I had previously edited this photo with the idea that I would share it on a Throwback Thursday.  But then my dream intercepted that.  I’ll go ahead and share it since it is the Easter weekend.  This is a photo of me and my siblings sitting around the dinner table that we had back then.  From left to right is Jodie, Al, Jamie, me (Van), Rob, and Karen.   This was in an old two story house that we rented the first two years we lived in Jennings.  It was on Highway 26 just north of Interstate 10.  Recently after this we moved into town at 758 Lucy Street. 

Betty Lou Bucklin Landry on April 18, 1965.

This is the other photo that I have from that 1965 Easter.  I really liked the look of this photo, but it needed to be cleaned up and enhanced.  So my dream inspired me to finally get around to fixing it up.  In the words of Brett Waterman, “Do you like it?”

This is my mom when she was just a few weeks shy of her 32nd birthday.  Betty Lou Bucklin from Hathaway, Louisiana, married Robert Joseph “Bob” Landry, Jr. on November 1, 1952, and the rest is history.  They had six children in their first ten years together and the fifth one was me.  You can see that she was wearing her finest Easter dress.  As appropriate for the time, she was wearing head covering since we were going to a Catholic mass.

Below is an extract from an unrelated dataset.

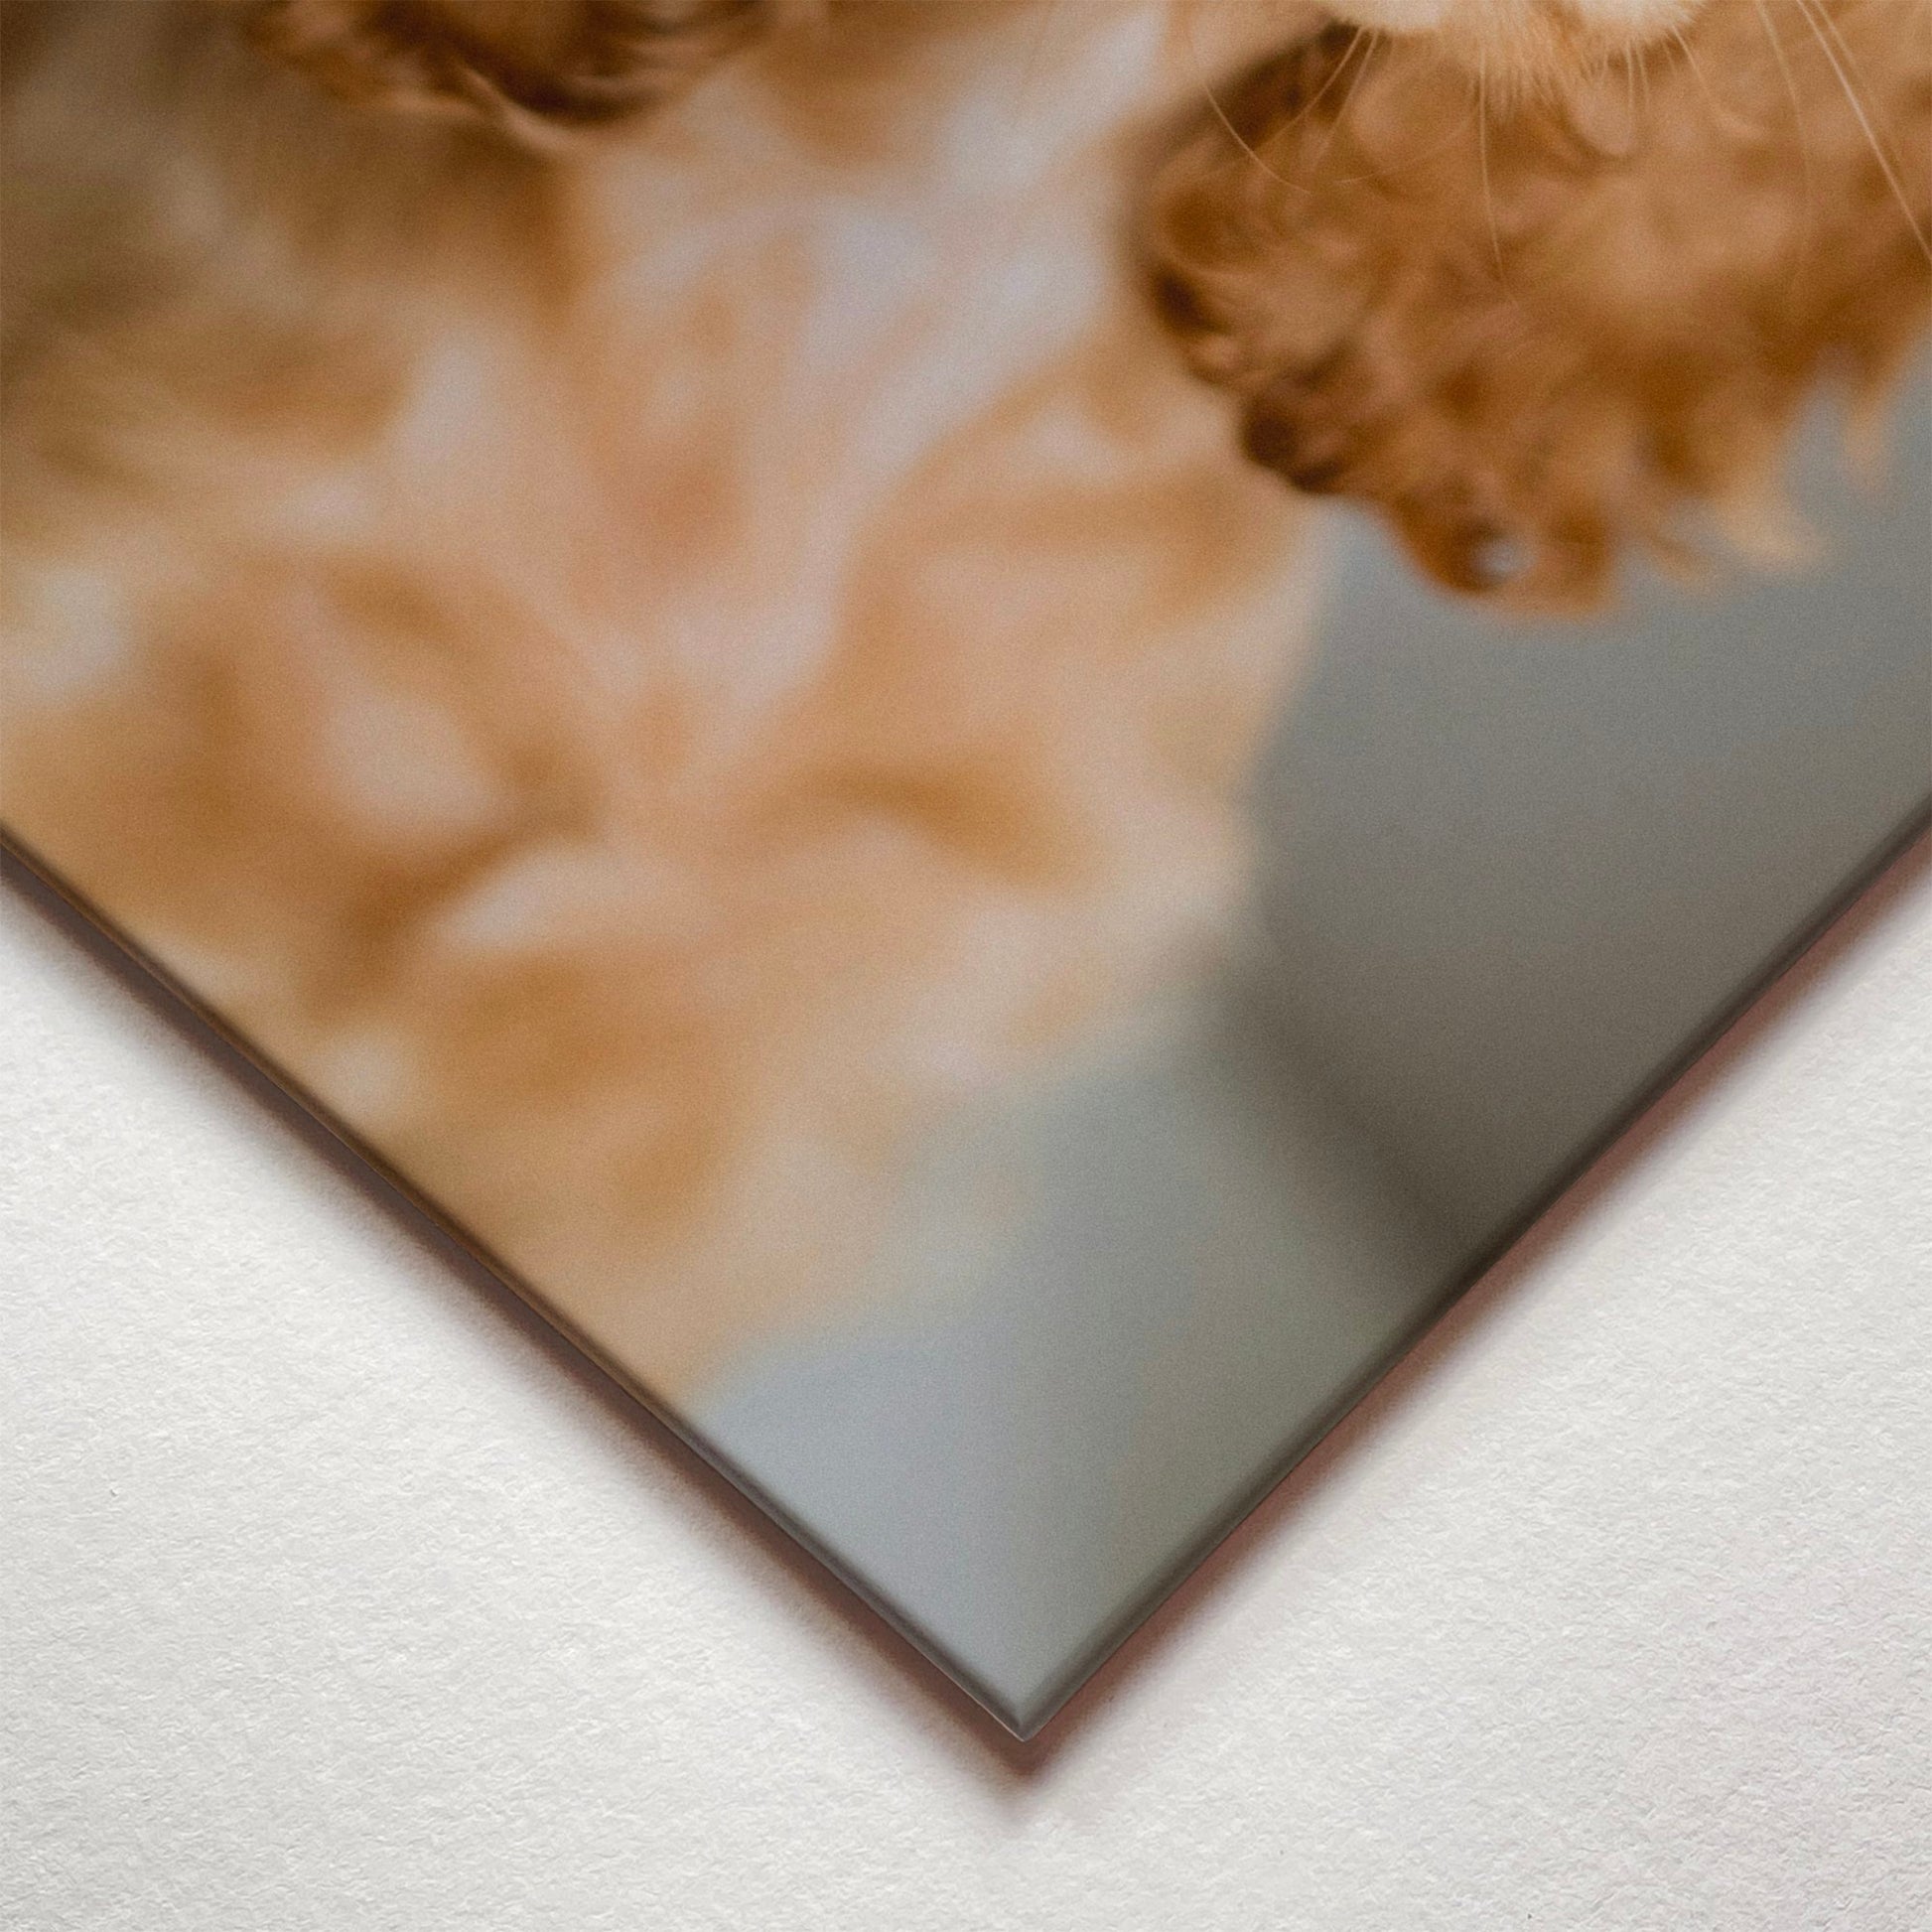 A closeup corner detail view of a metal art poster display plate with printed design of a Cute Golden Cocker Spaniel

You can also see a painting that she had painted a few years before.  When they were first married, they moved to California in the Mojave Desert.  At the edge of the Mojave Desert, where it meets the Colorado Desert, is Joshua Tree National Park.  It was definitely a different environment than the small Louisiana town that she grew up in.  It obviously inspired her to paint that unique landscape.  The painting was always displayed in their home and I’m not sure who has it now.  I’m sure it is still being enjoyed.

I was about to close, but then I remembered that I left something out.  Not really.  I had typed it all out and then hit “Control Z” to Undo, but this program doesn’t respond the same way as most of them do and it was all lost.  I had to redo a lot of what I had said.  What I left out was the fact that we were sitting around that old table with all of our chocolate Easter bunnies.  I think that was probably the last time that that happened.  Some of us probably graduated to World’s Finest chocolate bars at the next Easter.  I couldn’t find an Easter photo from 1966 to verify this.  Can you believe it?  I don’t have photo to document that event!  It’s a good thing my coworker in my dream didn’t ask about my Sixth Advent.  I wouldn’t have known what to do!